Problem statement:
Only these lines should appear, exactly: the one containing "Muistiinpanojensa lopuksi tarttuu" and every line after it through the end of the material below.

Exercise data:
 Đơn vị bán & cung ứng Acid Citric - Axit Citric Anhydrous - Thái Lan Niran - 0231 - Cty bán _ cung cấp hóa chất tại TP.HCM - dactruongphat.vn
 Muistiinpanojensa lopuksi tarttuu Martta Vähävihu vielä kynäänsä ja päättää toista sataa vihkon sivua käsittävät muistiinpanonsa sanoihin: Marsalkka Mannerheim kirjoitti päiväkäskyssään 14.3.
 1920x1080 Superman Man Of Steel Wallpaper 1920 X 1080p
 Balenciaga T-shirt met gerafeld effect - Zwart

Answer below:
 Muistiinpanojensa lopuksi tarttuu Martta Vähävihu vielä kynäänsä ja päättää toista sataa vihkon sivua käsittävät muistiinpanonsa sanoihin: Marsalkka Mannerheim kirjoitti päiväkäskyssään 14.3.
 1920x1080 Superman Man Of Steel Wallpaper 1920 X 1080p
 Balenciaga T-shirt met gerafeld effect - Zwart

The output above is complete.